# Tsumugu exclusion/inclusion logic and rules

Currently tsumugu follows a simple algorithm to determine whether a path should be completely excluded, partially excluded, or included:

0. When parsing regex, a `rev_inner` regex will be generated by replacing variables (`${UBUNTU_LTS}`, etc.) to `(?<distro_ver>.+)` (aka, match everything). The `rev_inner` would be used like this:

    ```rust
    pub fn is_others_match(&self, text: &str) -> bool {
        !self.inner.is_match(text) && self.rev_inner.is_match(text)
    }
    ```

1. First, users' exclusions and inclusions are preprocessed.

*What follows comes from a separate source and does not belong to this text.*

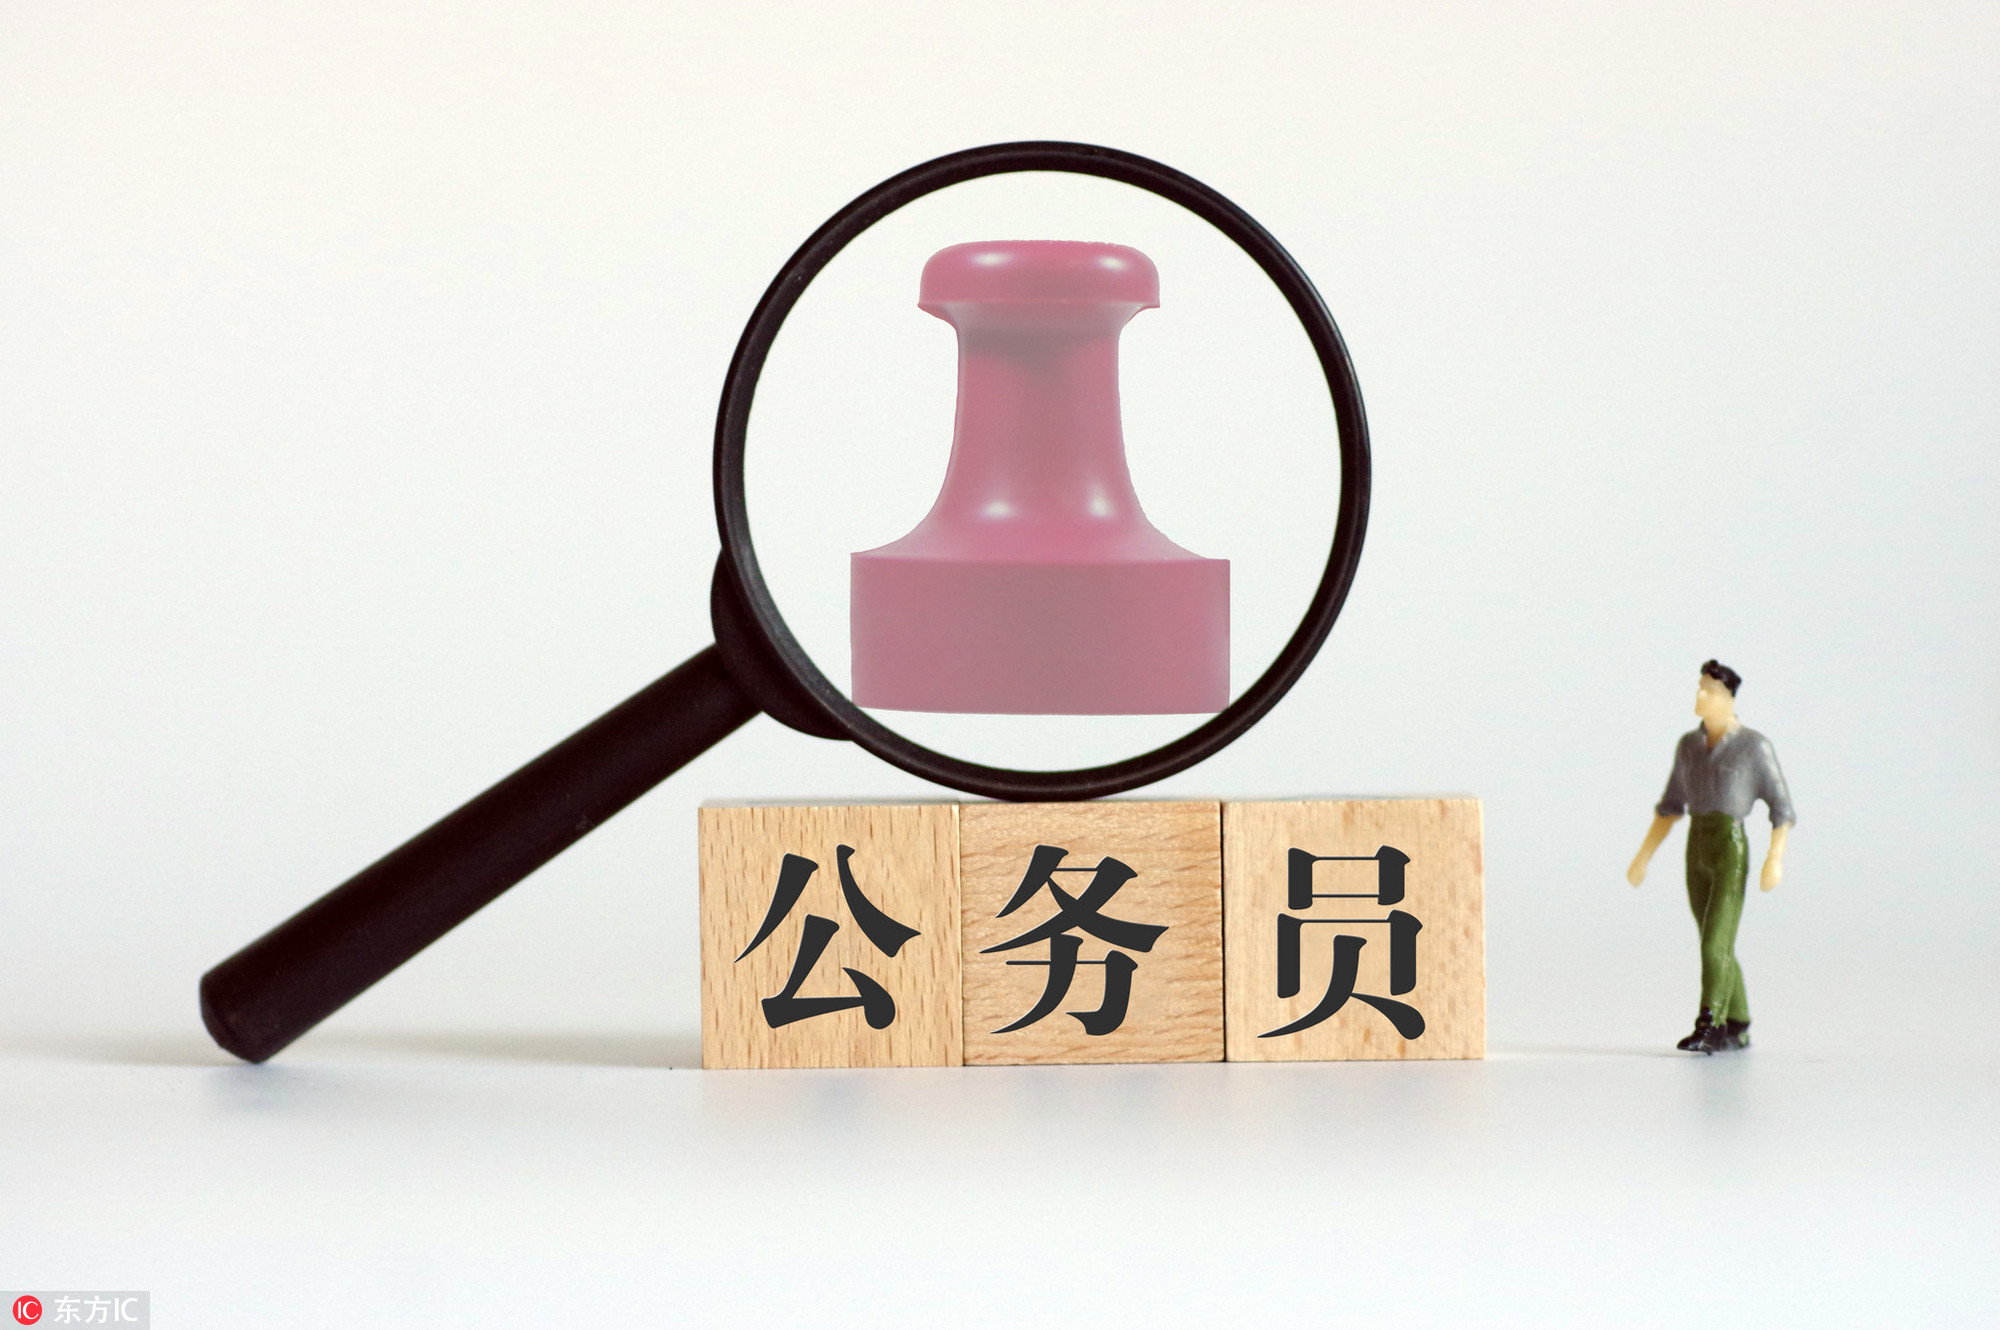 天津公务员考试试卷雷同案开庭:考场监控已无法调取

For all **exclusions, if it is a prefix of any inclusion**, it will be put into the `list_only_regexes`, otherwise it will be put into `instant_stop_regexes`. All inclusions are in `include_regexes`.
2. While working threads are handling listing requests:
    1. Check with `instant_stop_regexes` and `include_regexes`:

        ```rust
        for regex in &self.instant_stop_regexes {
            if regex.is_match(text) {
                return Comparison::Stop;
            }
        }
        for regex in &self.include_regexes {
            if regex.is_match(text) {
                return Comparison::Ok;
            }
        }
        ```

    2. Then, the path will be checked with `rev_inner` regex by `is_others_match()`, and also completely excluded if matches (a fast shortcut).

       This is used for cases like Fedora -- it has many versions (currently from 1 to 40). Listing other version folders not in `${FEDORA_CURRENT}` is a waste of time and network. With this trick we could skip these unmatched versions.
    3. Finally, if the path matches `list_only_regexes`, files under this directory will be ignored (unless they are matched by `include_regexes`), but subdirectories will still be listed. Paths that are not matched by any regexes will be included as usual.

In this process some paths, which would be unnecessary, will still be listed. However, this logic suits needs of filtering OS versions well.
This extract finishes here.